Je fais bosser les 3ème sur l’analyse de documents : décrivez le paysage pré-ci-sé-ment ! Vous voyez quoi, là ? « Euh… des maisons, une usine ? ». Bon. On a du boulot.
J’ai un weekend d’anniversaire bientôt, en région parisienne. Trajet compliqué pour y arriver, donc je pars dès le vendredi. Ca fait 4h de cours qui sautent, à replacer dans les emplois du temps. Je sens qu’on va se marrer, avec les chefs, pour trouver QUATRE pièces manquantes dans un puzzle 200 000 pièces.
Vendredi 13 septembre
Salle des personnels à la récré, je nous compte : 21 femmes, 3 hommes. Je ne m’étonne plus que des élèves m’appellent « madame ». Certaines collègues, on les appelle même « maman ».
Je discute avec l’une d’elle de Corentin (2), élève explosif qui s’énerve d’un coup puis devient tout triste. On cherche comment diminuer sa charge émotionnelle. Ça sert aussi à ça, la salle des profs.
En 4ème, Lise (2) ne se sent pas bien : emmerdée cette année, et déjà l’an dernier, par d’autres élèves. Certains sont dans sa classe. Une AESH me le confirme. La prof principale, la CPE, la direction sont alertés. Je fais partie du groupe de profs (volontaires et bénévoles bien sûr) en charge de la prévention du harcèlement. Voilà peut-être notre 1er cas de l’année.
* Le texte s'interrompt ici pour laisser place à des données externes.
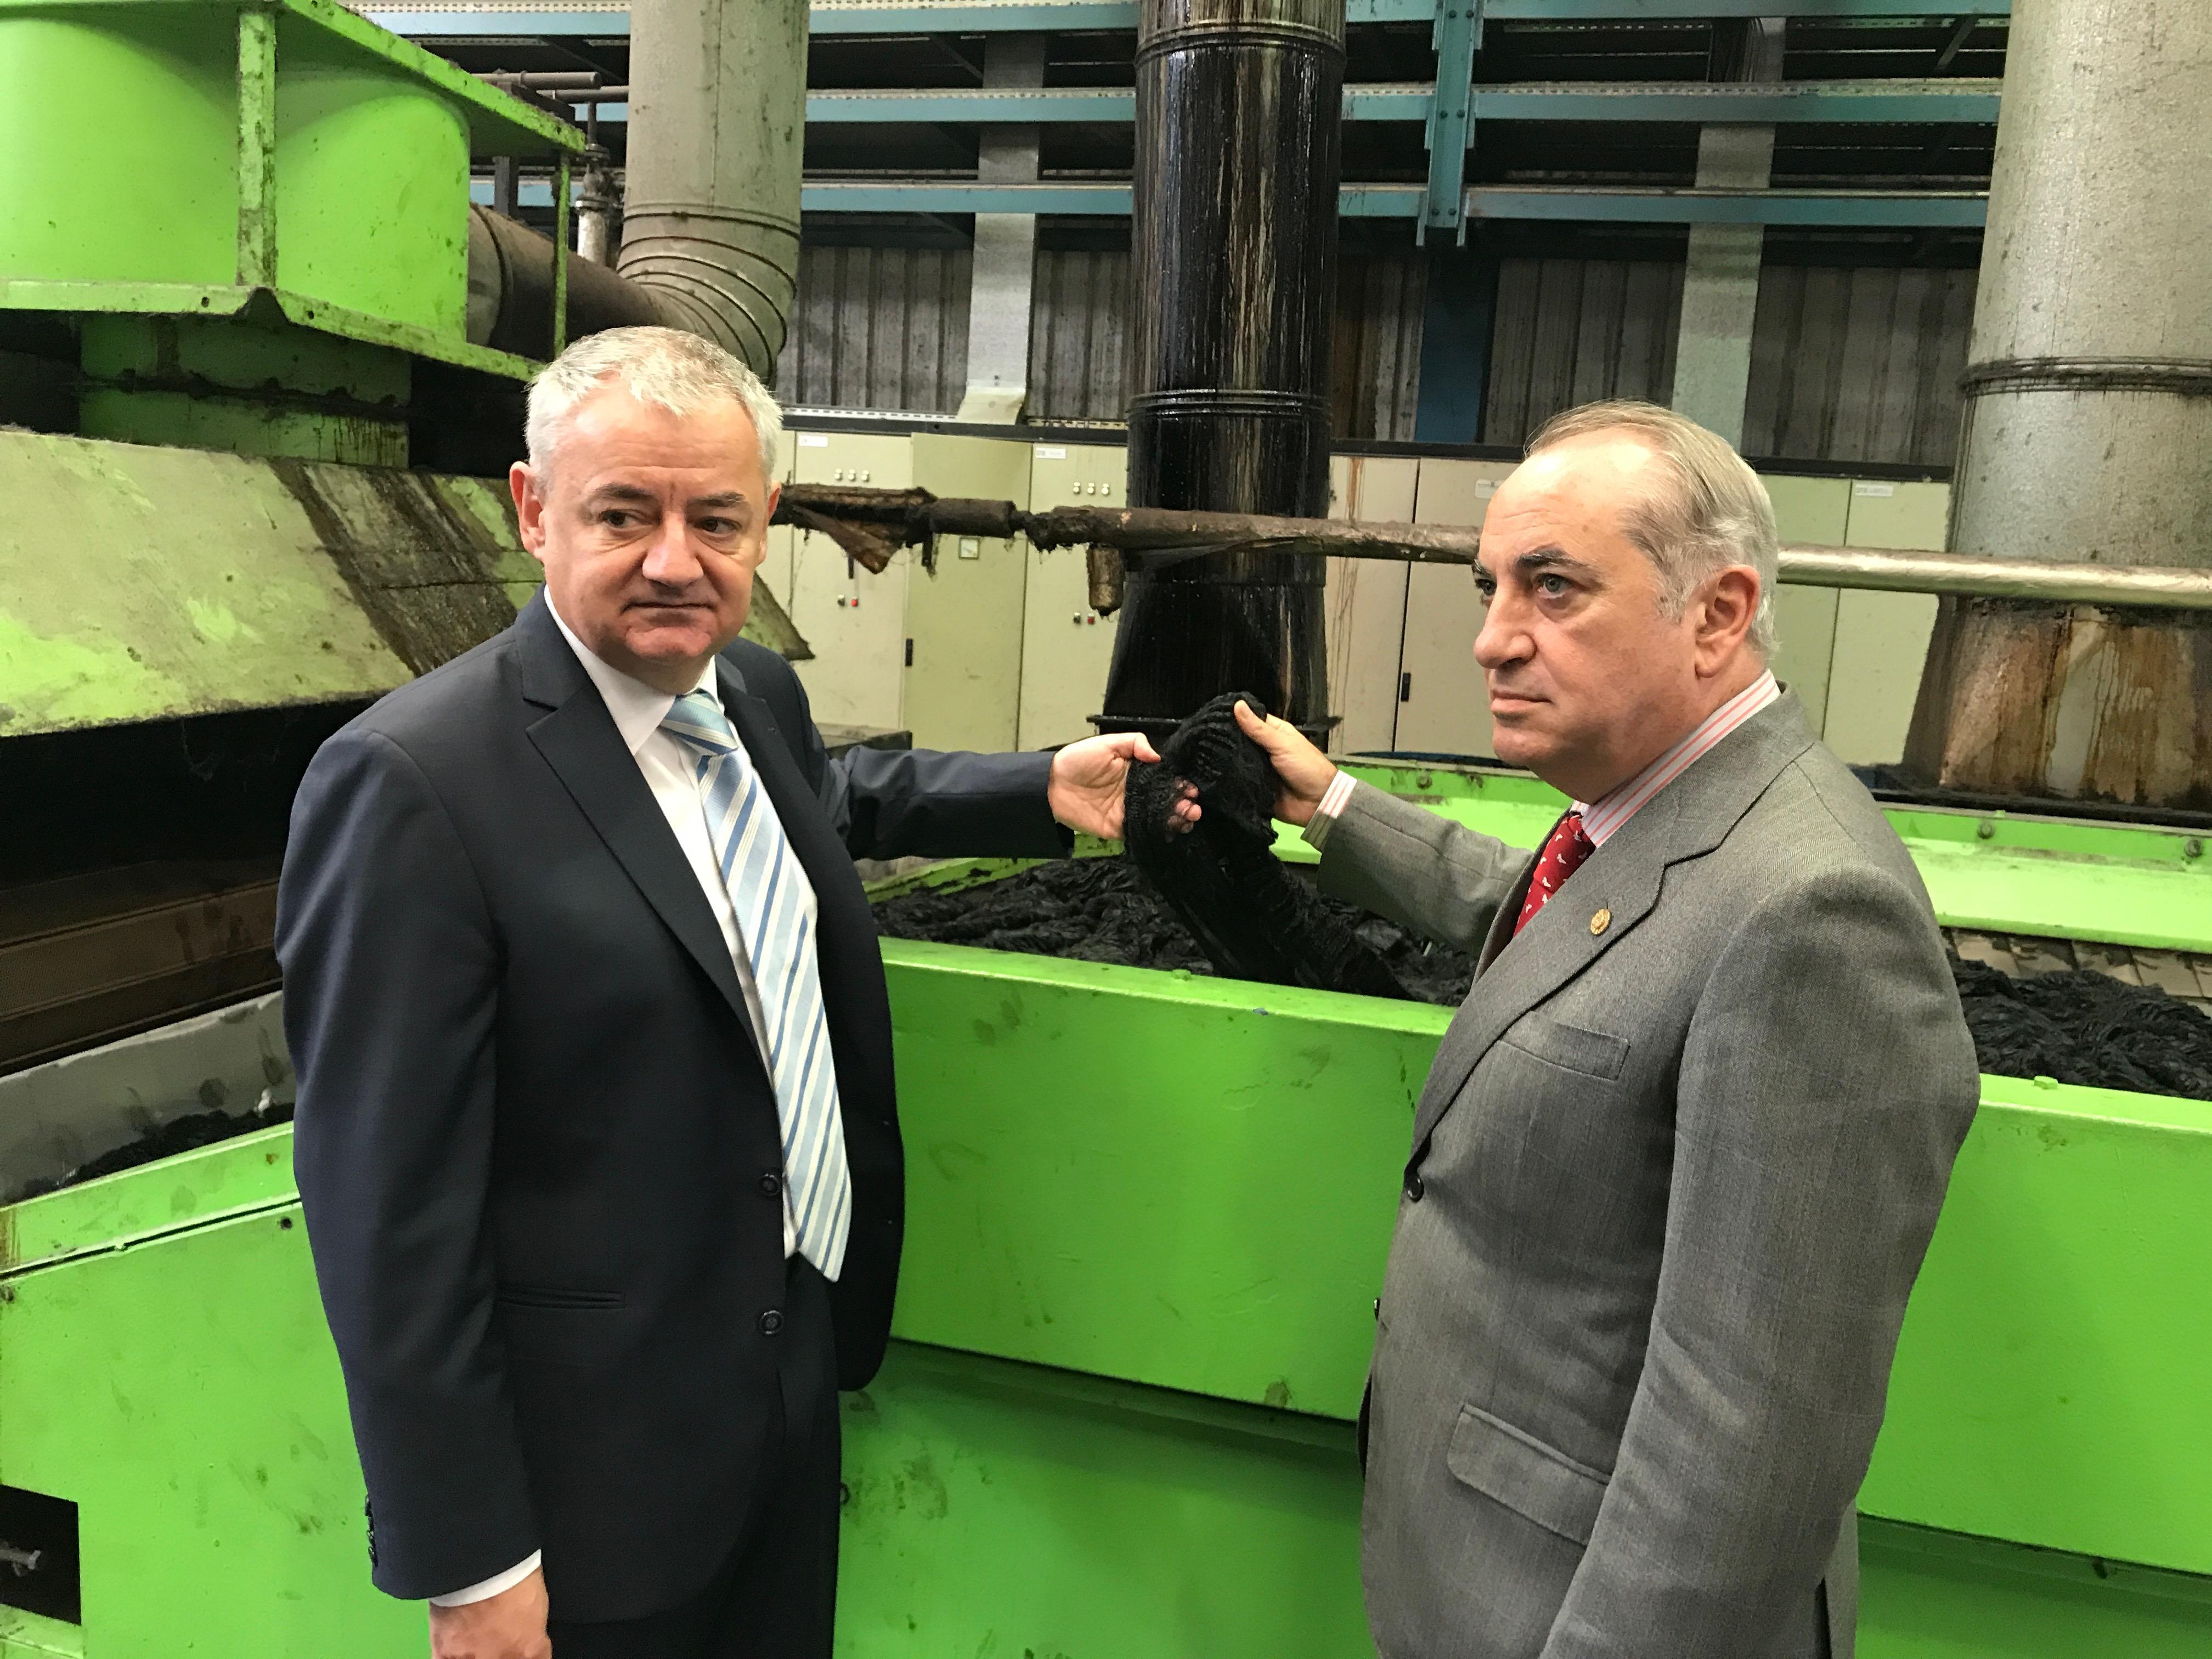 El consejero Arriola anima a las empresas vascas a luchar contra el cambio climático y convertir la economía circular en una oportunidad de negocio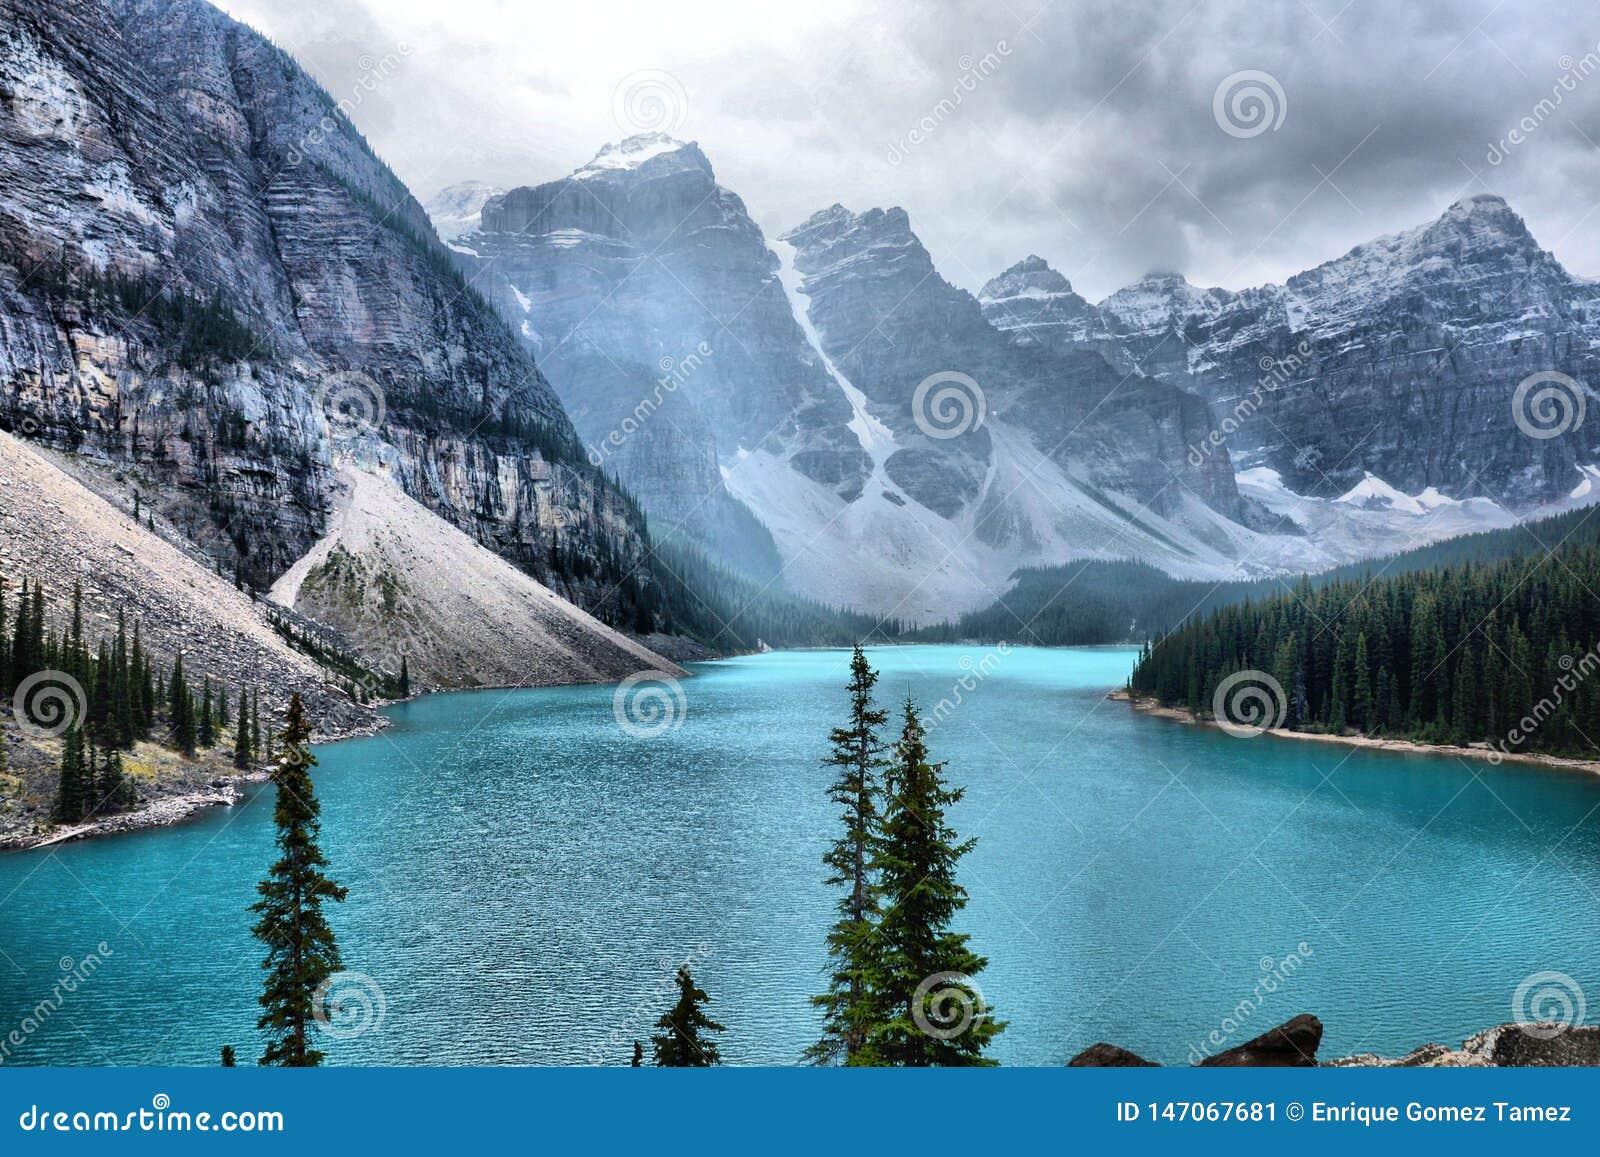 Moraine Lake Banff National Park Stock Image Image Of

Samedi 14 – Dimanche 15 septembre
On ne s’arrête pas, on reste chaud pour éviter le claquage ! Je prépare les prochains cours, je mets à jour les listes d’élèves (ça valse encore un peu les premiers jours), j’avance sur les contrôles et les chapitres à venir. Au moins un peu. Ce qui est fait n’est plus à faire. Le slogan rôde, jour et nuit : si t’es pas en avance, tu seras en retard.